Must Be the Season of the Witch
Hi All,
Just thinking about how my increased weight of the past few years has affected more than just my looks and my health--it has also affected some of my attitudes and outlooks.
I used to LOVE summer and DESPISE winter. I even hated Fall, because all Fall meant to me was that Winter was right around the corner, and I dreaded it. Long after my school days were over, Summer symbolized a sweet kind of freedom that only comes with long, light, warm evenings spent on the back patio, hearing the chimes of the neighborhood ice cream truck, having dinner with my niece and nephew under the umbrellas at the town pool, and front lawns smelling of freshly cut grass. Winter, on the other hand, meant getting up in the dark, leaving work in the dark, walking the dog in the freezing cold while trying to manipulate plastic poop bags with gloves on, clammy feet inside Wellington boots, and constantly being hemmed in by mountains of snow, slush, and ice.
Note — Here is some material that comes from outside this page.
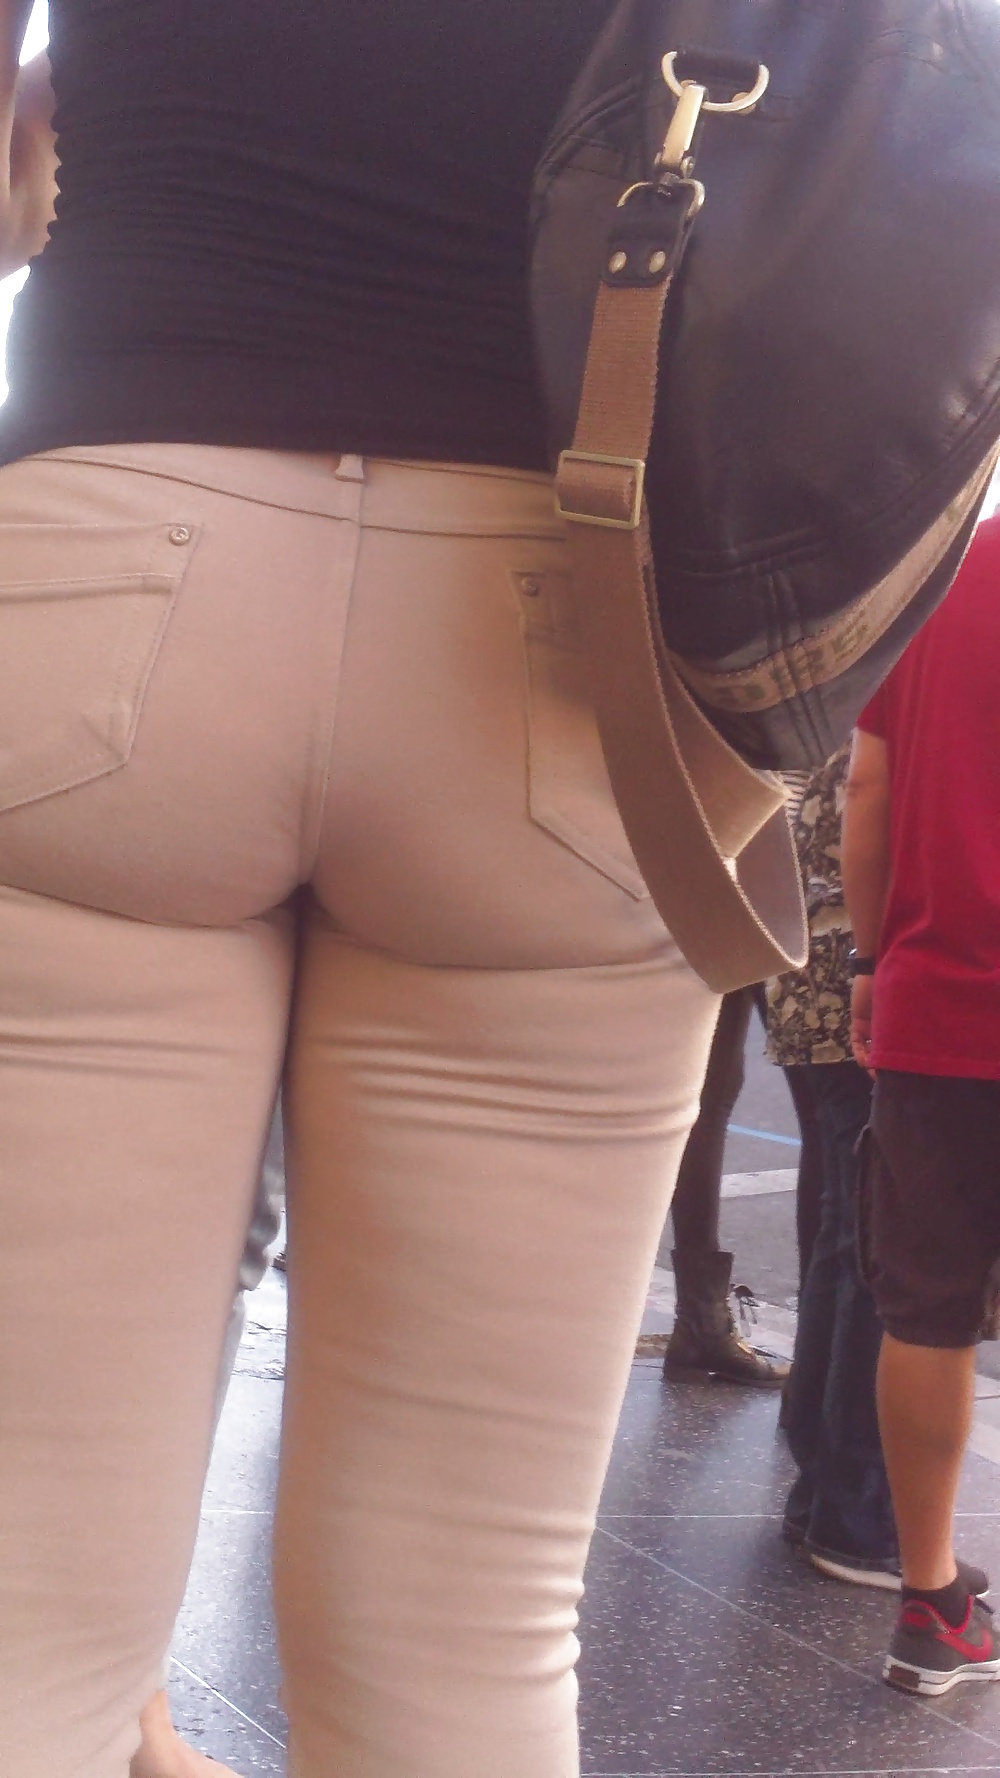 Popular teen girls ass & butt in jeans Part 6 #32009841
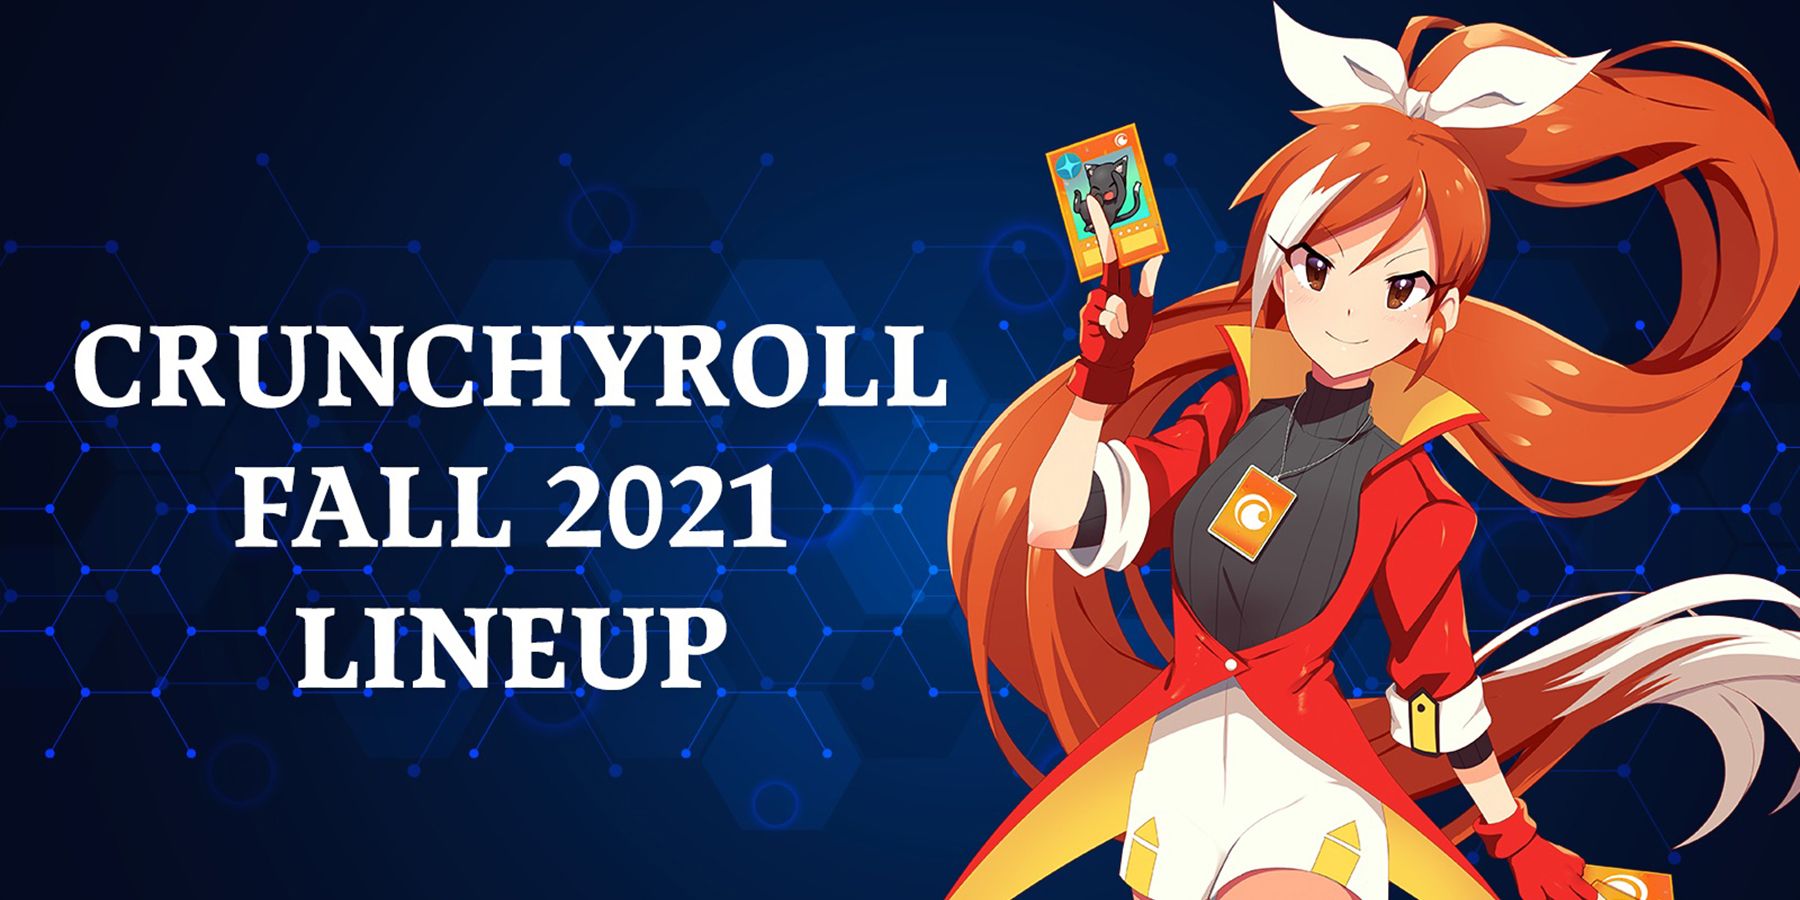 Crunchyroll paljastaa jännittävän syksyn 2021 kokoonpanon, mukaan lukien Demon Slayer

NOW, however, and for the past couple of years, I DREAD the return of hot weather, for it brings with it the now-loathed Summer Wardrobe: T-shirts, shorter skirts with no tights, the option of dresses and tank tops, and, god forbid, bathing suits or shorts. I long to take refuge and hide behind structured jackets, draping cardigans, long-sleeved blouses, heavy skirts, pants, coats, etc. And, of course, my beloved varieties of Spanx, which are just torture devices in hot weather. Not to mention the potential for effusive perspiration during my hellish commute on Manhattan subways, which leads to agonizing chub rub!
No, my carefree days of Summer seem to be over, thanks to the extra fifty pounds I'm carting around. I never thought I'd say this, but I miss Winter!